Supernova remnant 1987A continues to reveal secrets
Just over 25 years ago, in February 1987, astronomers observing the Large Magellanic Cloud – a nearby dwarf galaxy – noticed the sudden appearance of what appeared to be a new star. But they were watching not the birth of a star but the death of one.
It was the brightest supernova seen from Earth since the telescope was invented 400 years ago. By the following day, news of the discovery had spread around the globe, and southern hemisphere stargazers began watching the aftermath of the enormous stellar explosion.
Since then, the remnant of what astronomers call Supernova 1987A has continued to be a focus for researchers around the world, providing a wealth of information about one of the universe’s most extreme events.
In research published in the Astrophysical Journal, astronomers in Australia and Hong Kong used the Australia Telescope Compact Array in New South Wales to make the highest resolution radio images yet obtained of the expanding supernova remnant at millimetre wavelengths.
“Imaging distant astronomical objects like this at wavelengths less than one centimetre demands the most stable atmospheric conditions,” said the lead author, Dr Giovanna Zanardo of ICRAR. “For this telescope these are usually only possible during cooler winter conditions; but even then, the humidity and low elevation of the site makes things very challenging.”
Unlike optical telescopes, a radio telescope can operate in the daytime and can peer through gas and dust, allowing astronomers to see the inner workings of supernova remnants, radio galaxies and black holes.
“Supernova remnants are like natural particle accelerators, the radio emission we observe comes from electrons spiralling along the magnetic field lines and emitting photons every time they turn. The higher the resolution of the images, the more we can learn about the structure of this object,” said Professor Lister Staveley-Smith, deputy director of ICRAR and the Centre for All-sky Astrophysics.

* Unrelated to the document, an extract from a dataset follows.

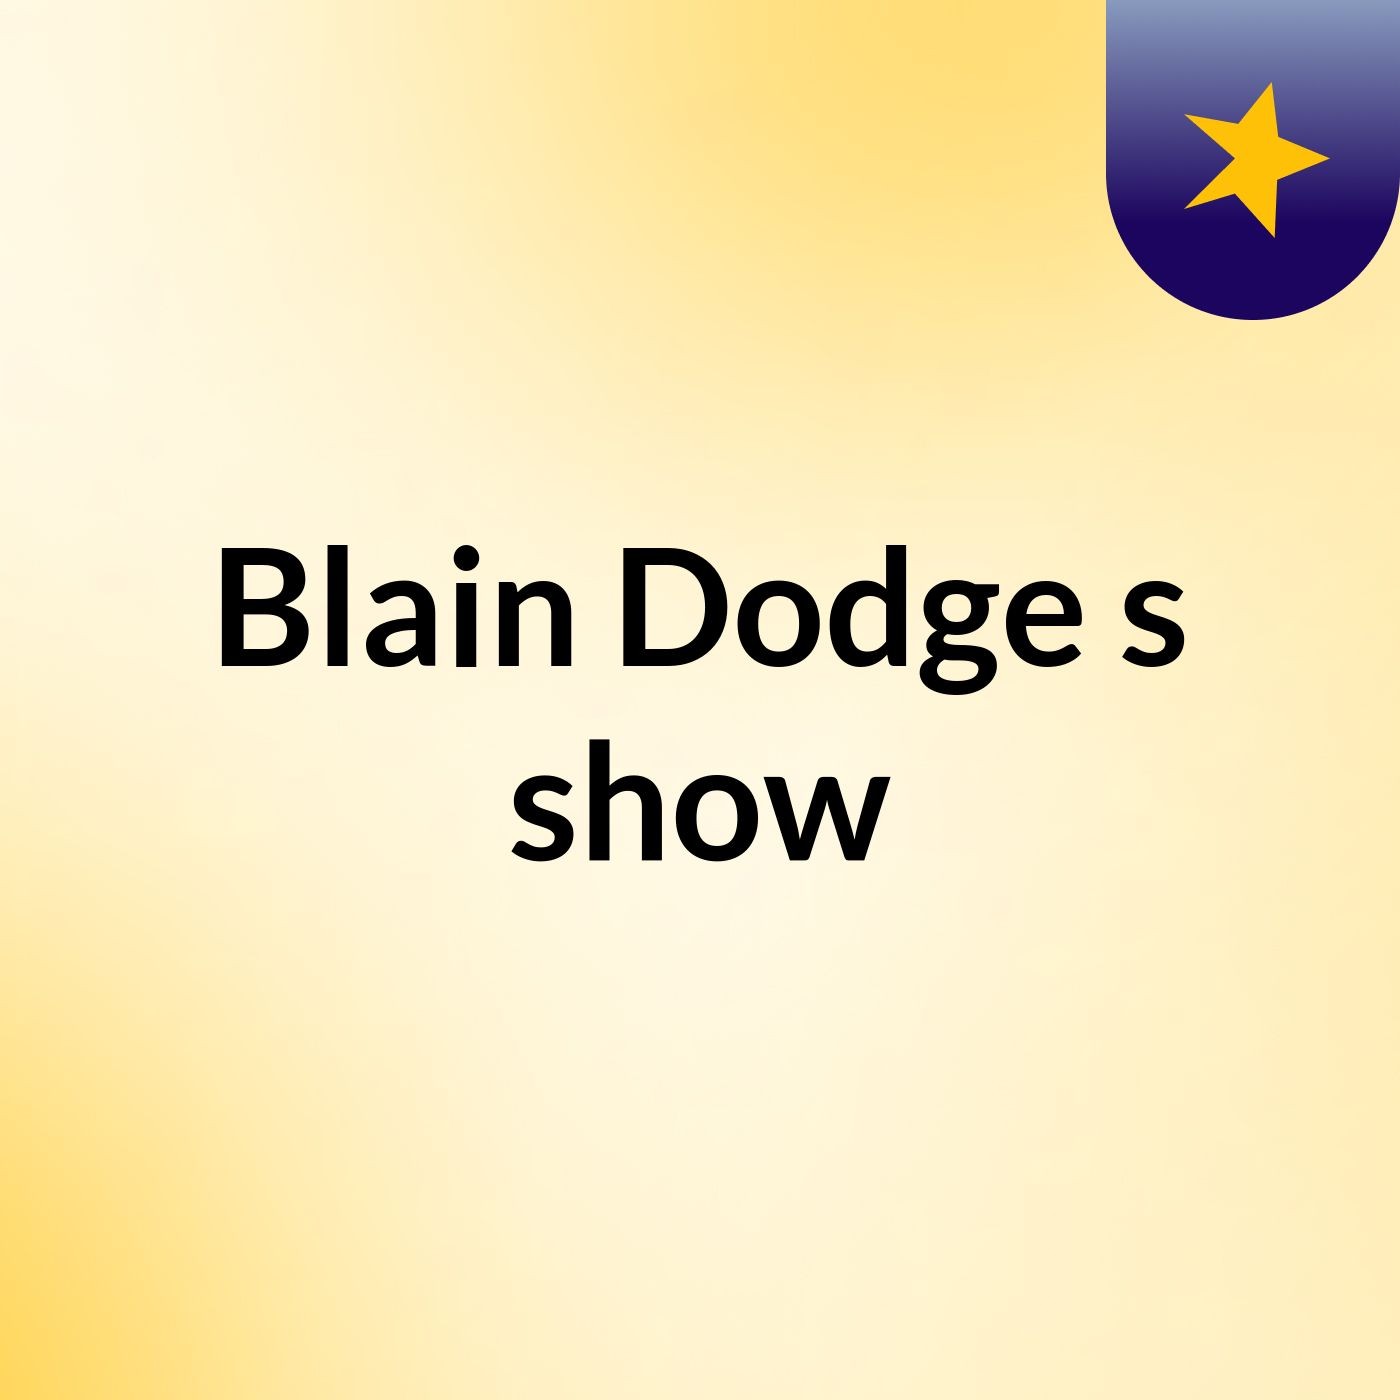 Blain Dodge's show

Scientists study the evolution of supernovae into supernova remnants to gain an insight into the dynamics of these massive explosions and the interaction of the blast wave with the surrounding medium.

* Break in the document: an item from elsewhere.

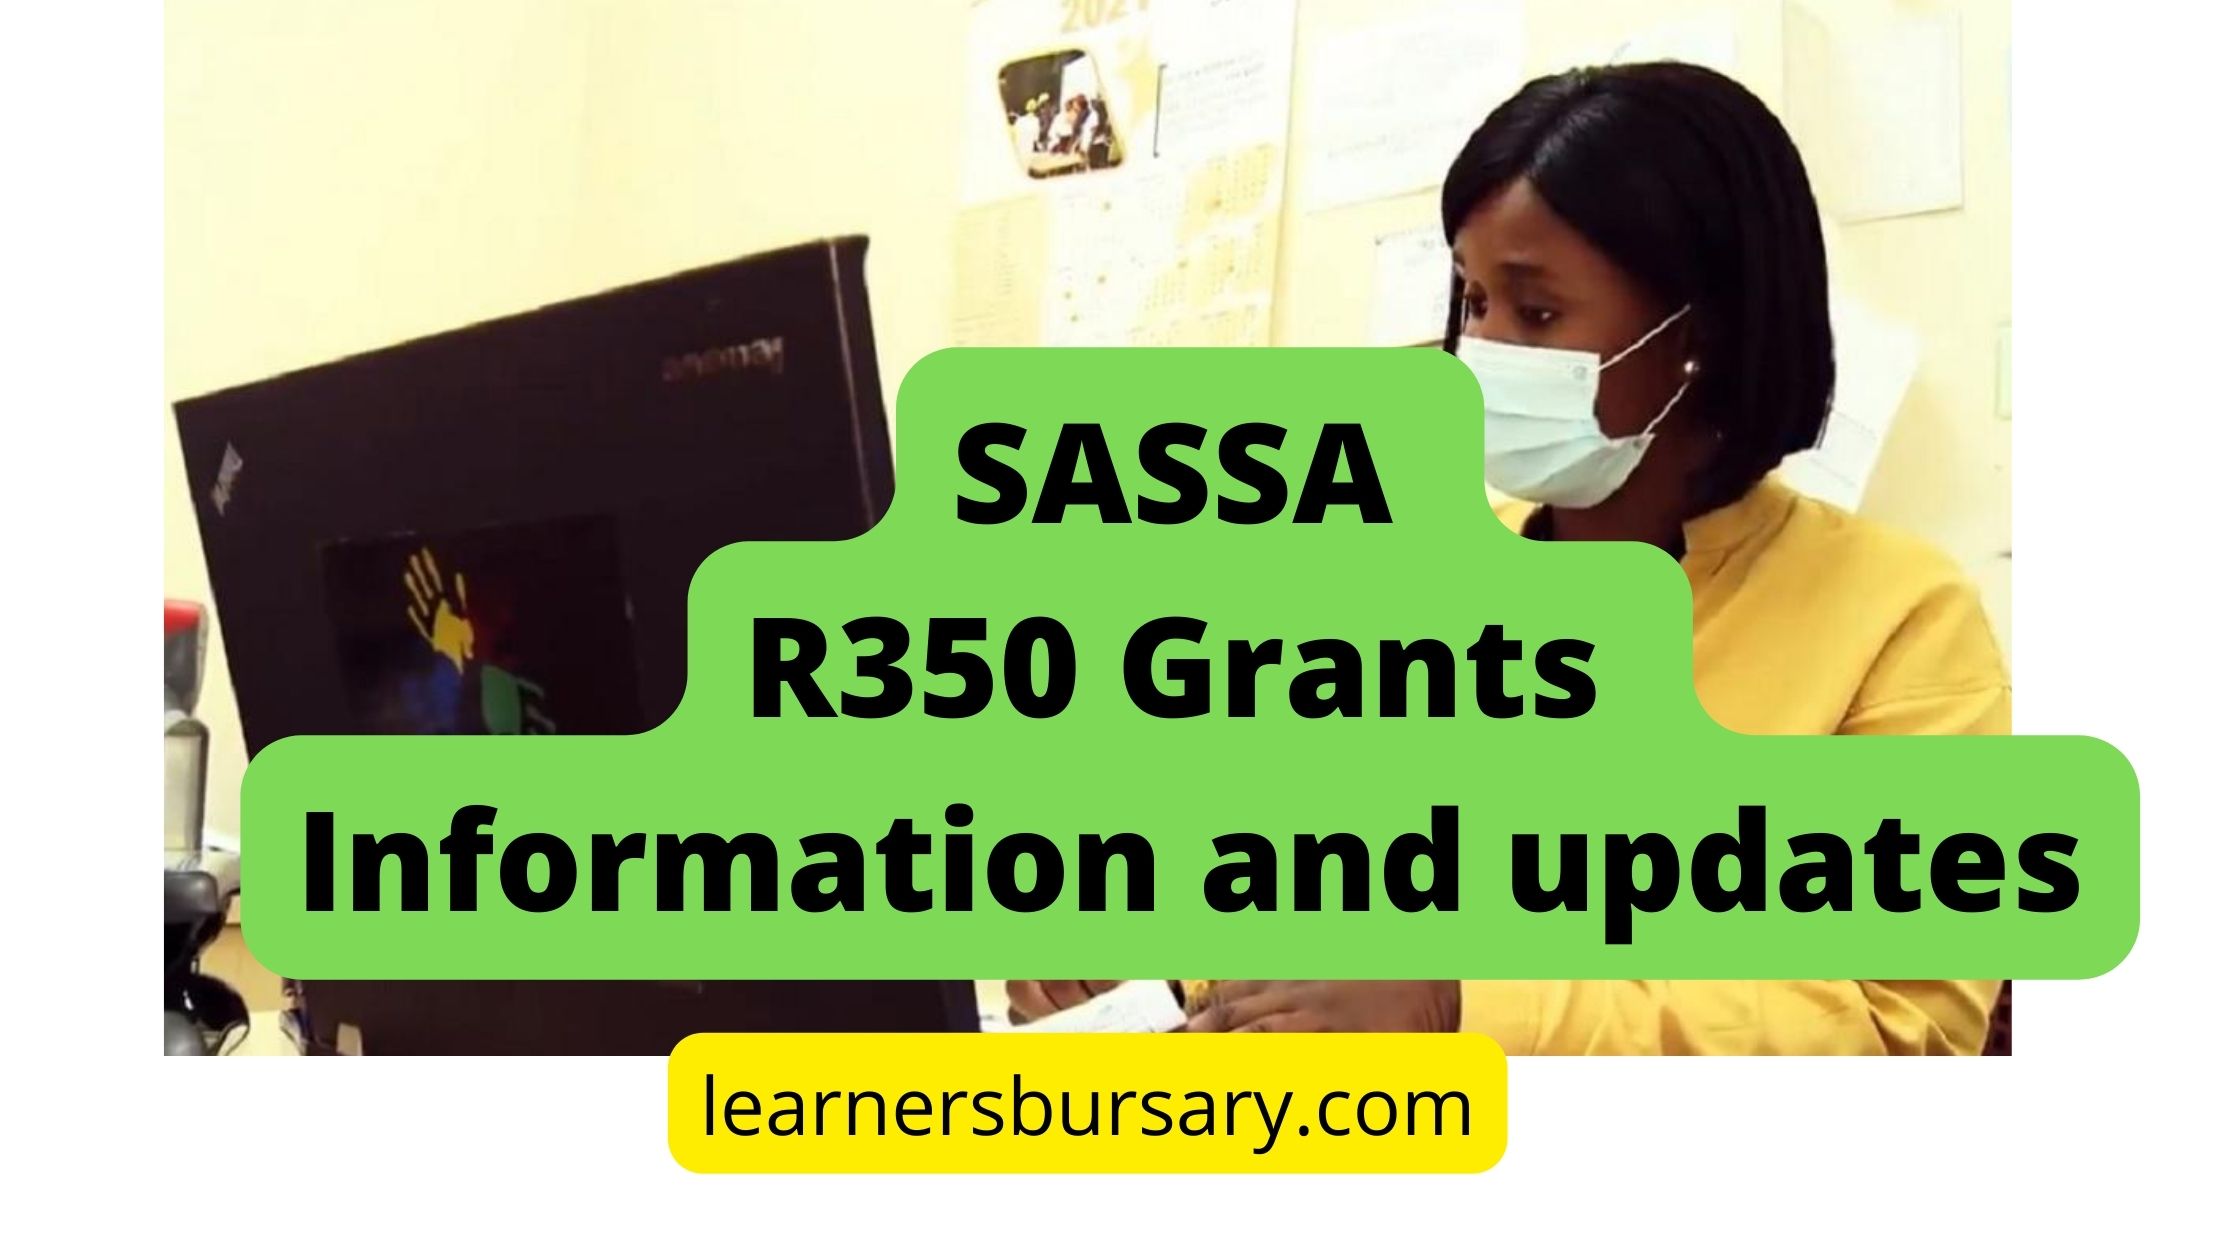 SASSA R350 Grants Information and updates

“Not only have we been able to analyse the morphology of Supernova 1987A through our high-resolution imaging, we have compared it to X-ray and optical data in order to model its likely history,” said centre Director Professor Bryan Gaensler.
The team suspects a compact source or pulsar wind nebula to be sitting at the centre of the radio emission, implying that the supernova explosion did not make the star collapse into a black hole. They will now attempt to observe further into the core and see what’s there.